- Official name: French: Centrale Hydroélectrique de Nyemanga
- Country: Burundi
- Location: Bururi Province
- Coordinates: 3°57′36″S 29°34′05″E﻿ / ﻿3.95992°S 29.56809°E
- Purpose: Power
- Owner: REGIDESO Burundi

Dam and spillways
- Impounds: Siguvyaye River

Power Station
- Installed capacity: 2.88 megawatts (3,860 hp)
- Annual generation: 24.4 GWh

= Nyemanga Hydroelectric Power Station =

Power station in Burundi

Nyemanga Hydroelectric Power Station (Centrale Hydroélectrique du Nyemanga) is an 1.44 MW run-of-the-river hydroelectric power station in the Bururi Province of Burundi.

==History==

Nyemanga began operation in 1988.
It is connected to the southern grid.
As of 1992 Nyemanga had capacity of 1.4 MW, with the potential to expand to 2.8 MW as demand grew in the southern grid.

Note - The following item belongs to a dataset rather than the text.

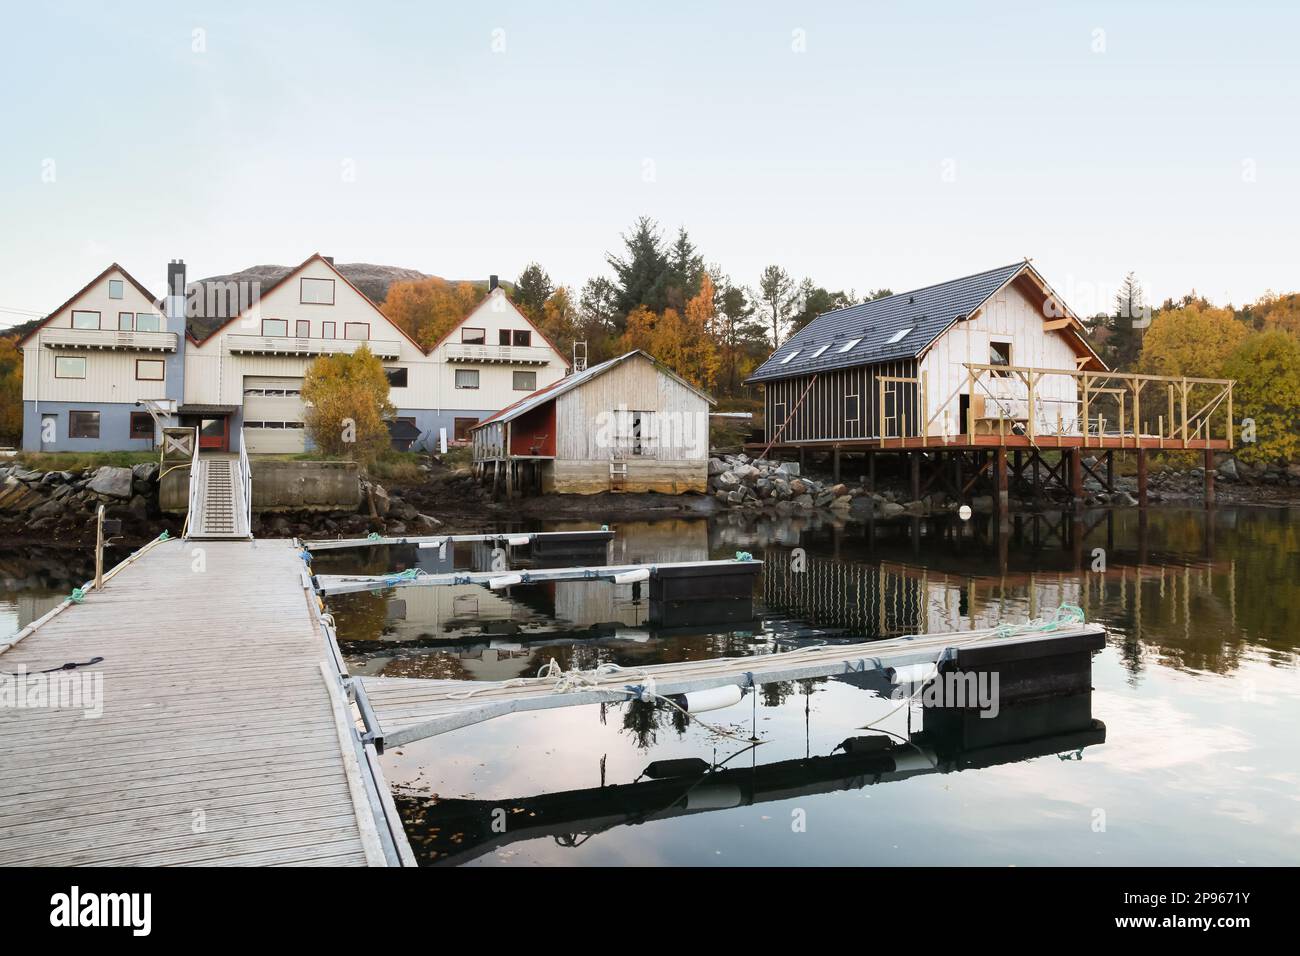 Village de pêcheurs norvégien, vue sur la côte avec maisons en bois et granges sur la côte de la mer. Snillfjord, région de SOR-Trondelag, Vingvagen Banque D'Images

In 2009 REGIDESO Burundi, the water and electricity authority, announced bids to rehabilitate five hydroelectric plants and to improve the network in Bujumbura.
The plants were the 18 MW Rwegura plant on the Gitenge River; 1.44 MW Nyemanga on the Siguvyaye River; 850 kW Kayenzi on the Kavuruga River; 240 kW Marangara on the Ndurumu River; and 72 kW Sanzu on the Sanzu River.

As of 2013 the Nyemanga plant generated about 2.9 MW, with annual output of 24.4 GWh.